Let $f(x)$ be a thrice differentiable function satisfying:

$|f(x) - f(4-x)| + |f(4-x)-f(4+x)| = 0, \forall x \in R$

If $f'(1)=0$ , then find the minimum number of roots of $f'(x)\cdot f'''(x)+(f''(x))^2 =0$ , on $x \in [0,6]$ .

1 solution

Ashish Gupta
Apr 12, 2016

Since $f(x) = f(4-x) = f(4+x)$ , we have $f'(x) = -f'(4-x) = f'(4+x)$ for all $x \in \mathbb{R}$

Since $f'(1) = 0$ , using the above identity for $x = 1$ gives us $f'(1) = f'(3) = f'(5) = 0$ .

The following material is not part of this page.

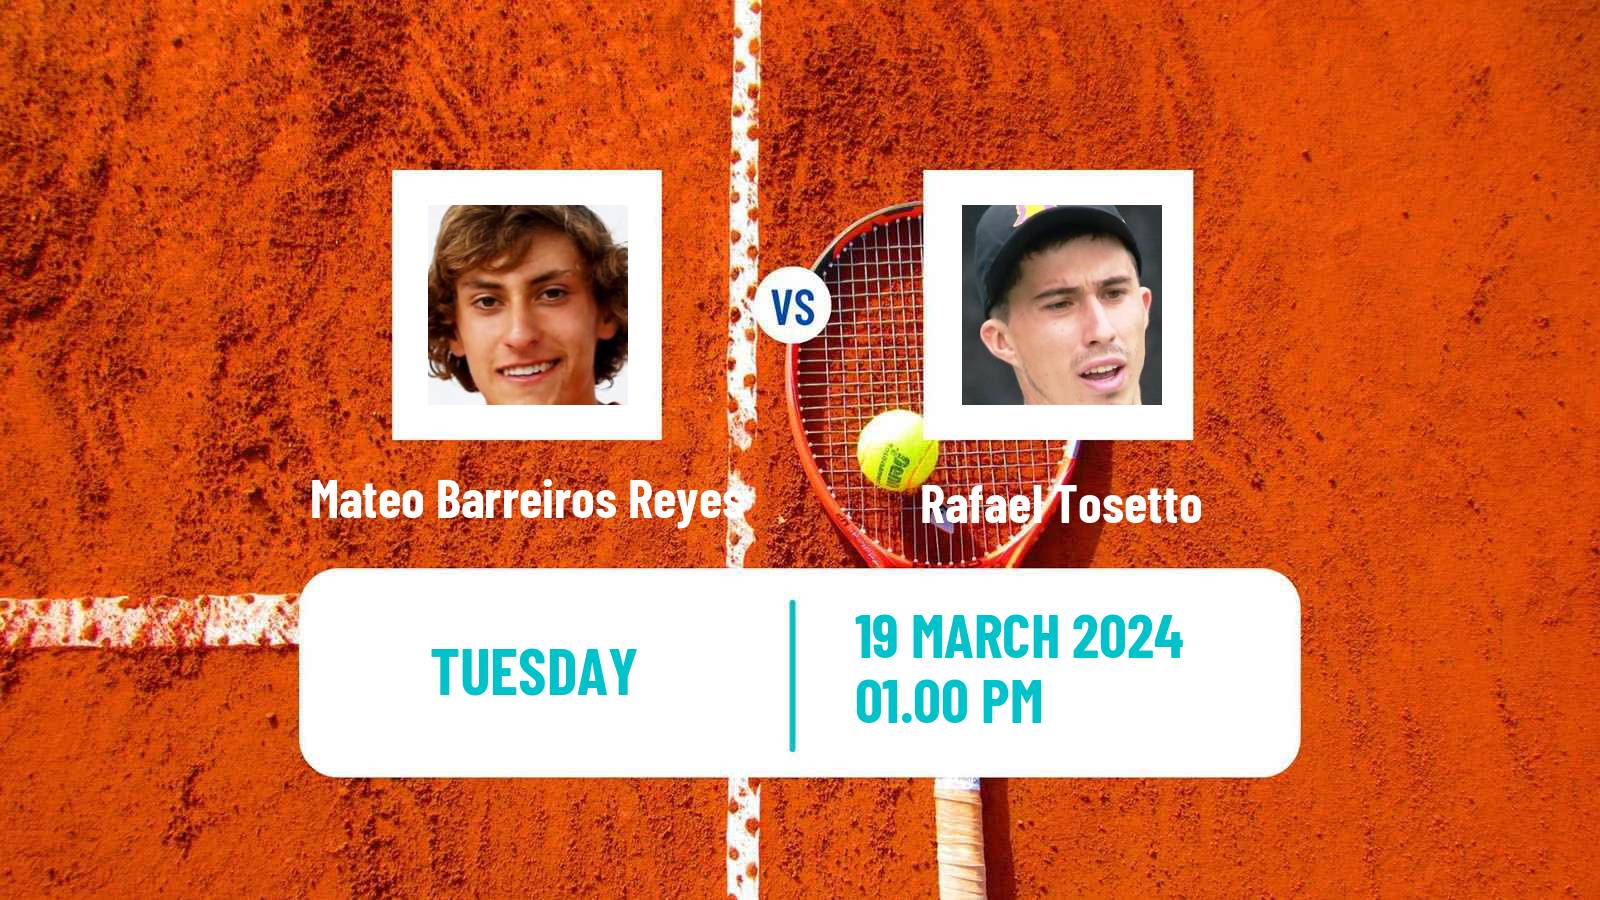 Tennis ITF M25 Maceio Men Mateo Barreiros Reyes - Rafael Tosetto

Also, using the above identity for $x = 2$ yields $f'(2) = -f'(2) = f'(6)$ , so $f'(2) = f'(6) = 0$ .

Similarly, for $x = 0$ , we get $f'(0) = -f'(4) = f'(4)$ , so $f'(0) = f'(4) = 0$ .

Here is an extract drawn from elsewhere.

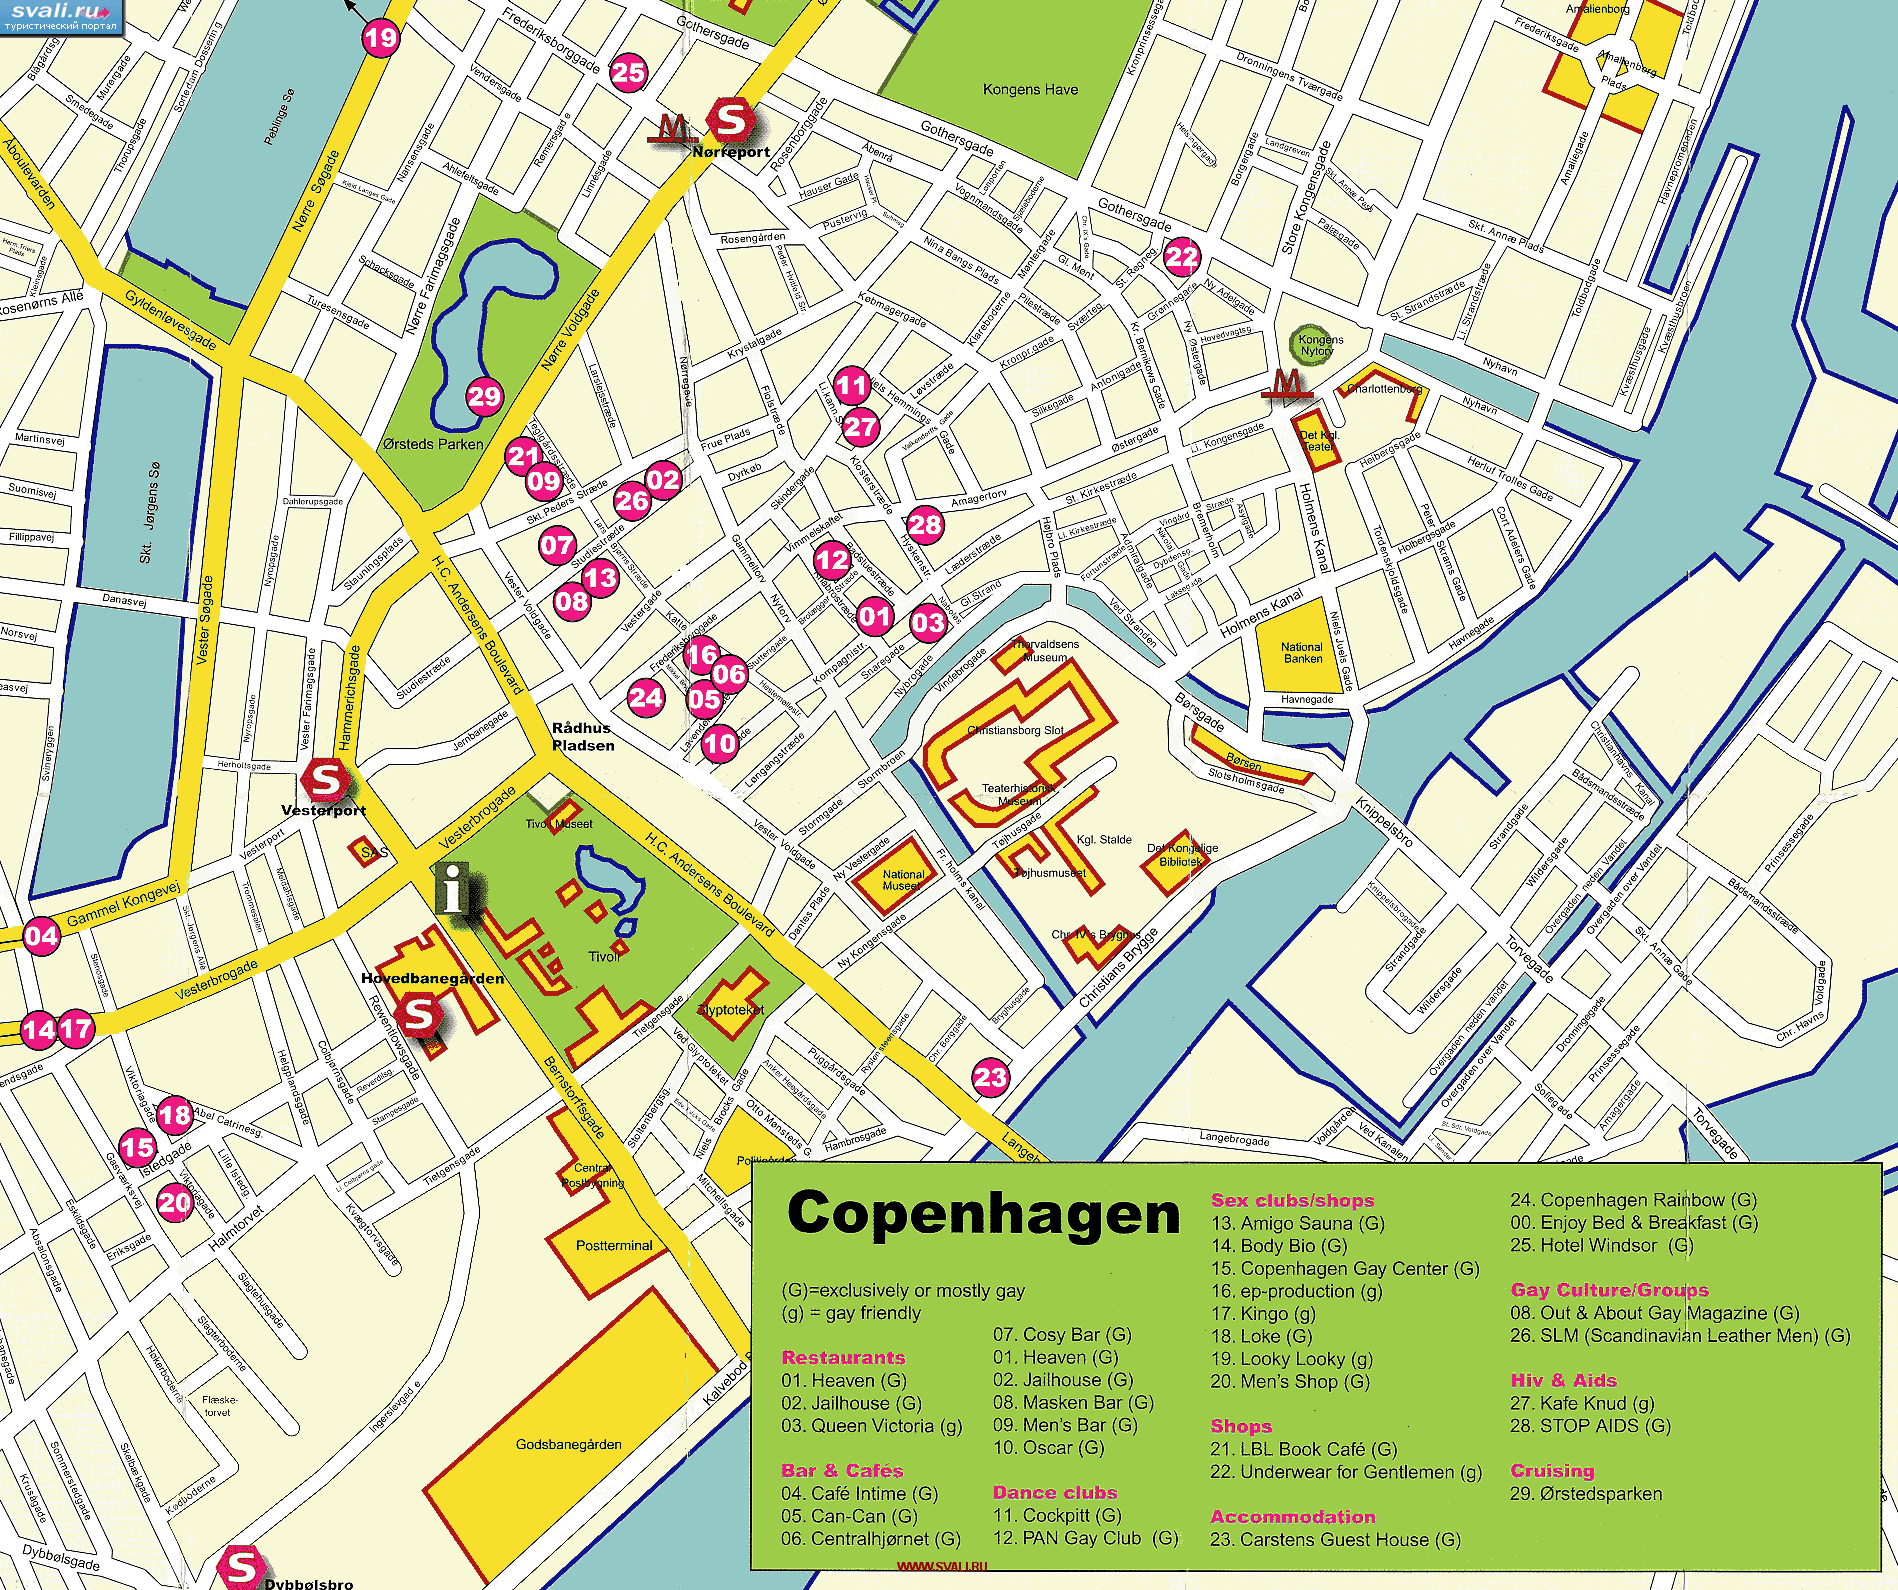 Карта центра Копенгагена для геев, Дания (дат.)

By Rolle's theorem, for $n = 1,2,3,4,5,6$ , there exists a $x_n \in (n-1,n)$ such that $f''(x_n) = 0$ .

Thus, the function $g(x) = f'(x)f''(x)$ has zeros at $x = 0,x_1,1,x_2,2,x_3,3,x_4,4,x_5,5,x_6,6$ .

By using Rolle's theorem again, $g'(x) = f'(x)f'''(x)+f''(x)^2$ has at least $12$ zeros in $[0,6]$ .

Therefore, the minimum number of zeros of $f'(x)f'''(x)+f''(x)^2$ on $[0,6]$ is $12$ .